Bruce D'Arcus wrote:
> 
> On Jan 3, 2007, at 6:48 AM, Svante Schubert wrote:
> 
>> First, metadata can be stored as RDF XML that should be no problem at 
>> all, second it is an often used scenario that data will be created 
>> outside the ODF and than imported. Think of the sport team salaries, 
>> which might be given as a RDF XML database dump.
> 
> If the user must be able to edit the content inline (the whole point of 
> Elias' demo!), then it makes sense to me that the data would be 
> converted to in-content metadata.

Elias demo was impressive, and I think had several aspects. Editing the data was only one 
of it.

Actually, if we consider the ability to edit the meta data inline to be the whole point, 
then I personally would consider to check what we can do with XForms. XForms provides a 
binding from an XML instance (which may be an RDF-XML instance) to form controls that may 
be used to change the content of the XML instance.

[...]
> 
> I explained this in detail off-list. In short, RDF does association by 
> URI, and XPointer and XPath are all about XML trees.
> 
> To quote that mail with details:
> 
> The reason why RDF is such an extensible and scalable technology is 
> because it has the simple data model, based on using URIs as 
> identifiers. Those URIs serve the same function as foreign keys in 
> relational databases.
> 
> RDFa is simple and elegant because it recognizes that. The attributes 
> one adds to content nodes are pretty much just URIs.
> 
> So you get the seamless mergeability of data precisely because, for 
> example, when you come across two subjects with the same URI, you just 
> merge the statements.
> 
> By adding the non-RDF, non-standard (ODF specific) linking mechanism, 
> you throw most of that away. You use a mechanism based on document 
> location, rather than (URI-based names).
> 
> I didn't even talk about how much of a mess things become if you assume 
> XML as a way to reference RDF. This example you gave 
> "xmeta.xml##xpointer(id('Bruce')/v:fn)" will totally break in a lot of 
> circumstances.
> 
> For example, say the name is a resource:
> 
> <v:VCard rdf:about="...">
>   <v:n rdf:parseType="Resource">
>     <v:given-name>Bruce</v:given-name>
>     <v:family-name>D'Arcus</v:family-name>
>   </v:n>
> <v:VCard>
> 
> You can't rely on the XML structure to reference the properties. The 
> above can also be represented as:
> 
> <v:VCard rdf:about="...">
>   <v:n>
>     <rdf:Description>
>       <v:given-name>Bruce</v:given-name>
>       <v:family-name>D'Arcus</v:family-name>
>     </rdf:Description>
>   </v:n>
> <v:VCard>
> 
> ... or:
> 
> <v:VCard rdf:about="...">
>   <v:n rdf:resource="#name-1"/>
> <v:VCard>
> <rdf:Description rdf:resource="name-1">
>   <v:given-name>Bruce</v:given-name>
>   <v:family-name>D'Arcus</v:family-name>
> </rdf:Description>
> 
> They're pretty much equivalent from an RDF standpoint (though in the 
> first case the name resource is blank node, as opposed to one identified 
> with a URI), and XPointer or XPath expressions will break in that context.

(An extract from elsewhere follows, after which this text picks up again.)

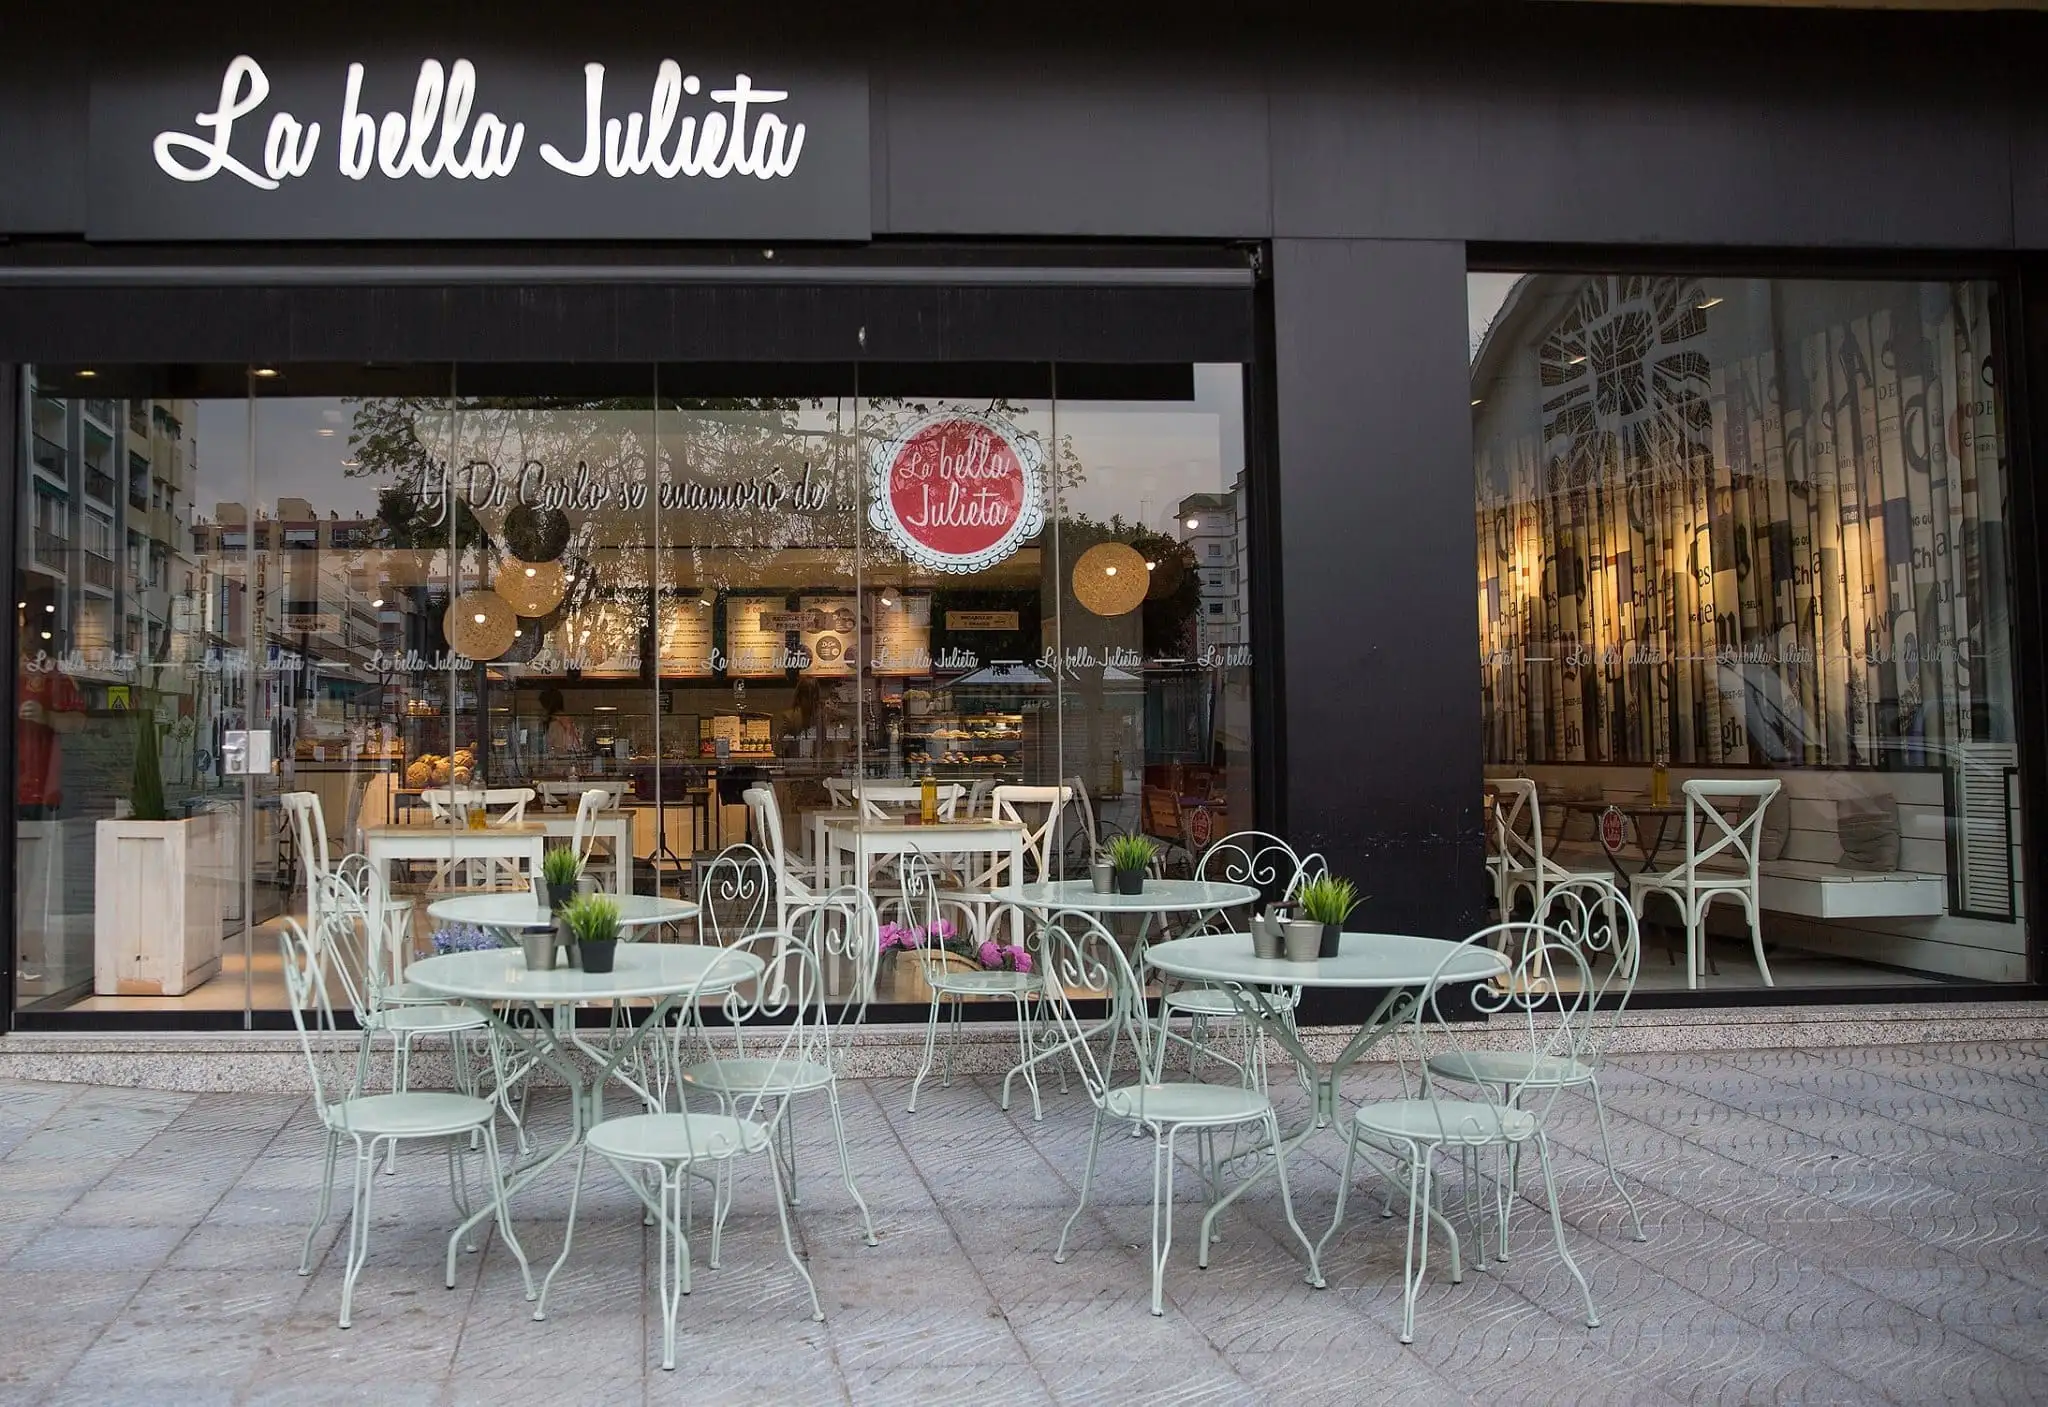 Breakfast at La Bella Julieta
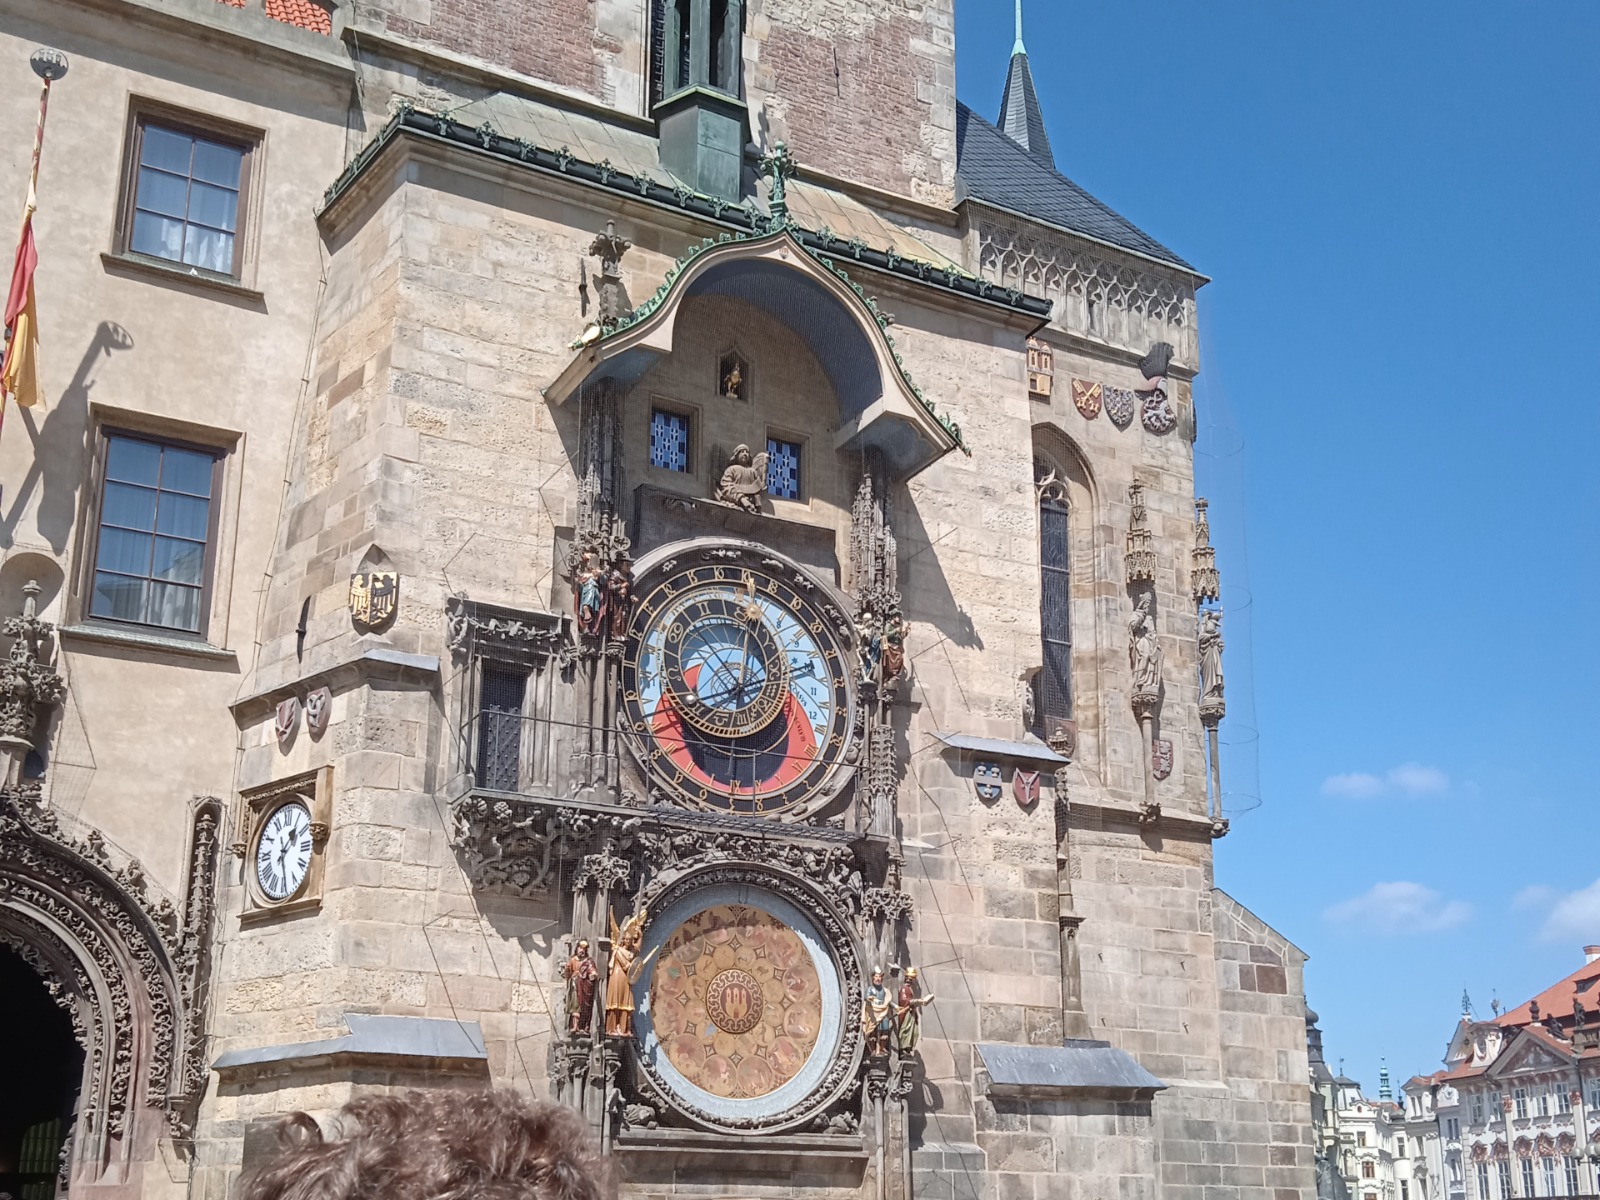 Часы "Орлой" на Староместской площади

What you describe for the VCard entry actually also applies to ODF. There are several 
representations of one and the same content possible in ODF, too. For this reason, it 
seems to be reasonable to decouple meta data and ODF content as much as possible. That's 
exactly the reason why I'm in favor of assigning meta data to ODF objects in the content 
by IDs instead of adding the metadata to the content directly. However, I'm only in favor 
of this solution from the office document perspective. Since I'm not a meta data expert, I 
don't know whether this solution is really sufficient.

I agree that using XPointers to link metadata to the content or vice versa is not very 
appropriate, unless one restricts the permitted XPath expressions to those that are known 
to work even if the physical XML representation of the document changes.

Wouldn't it be an option to reference the meta data from the content by adding text fields 
that make use of well defined structure of RDF? If I want to display your last name, then 
I could write:

<text:meta-field meta:about="..." meta:property="v:n/v:family-name">D'Arcus</text:meta-field>

Please note that this does not define any metadata, but only references it. This means, 
the semantic of this field would be display the object that you get by starting with the 
node denoted by the meta:about attribute, and by following the v:n and v:family-name 
predicates. The semantic of this field of course would be ODF specific. But this wouldn't 
matter, because the meta data itself would be contained in the meta data stream.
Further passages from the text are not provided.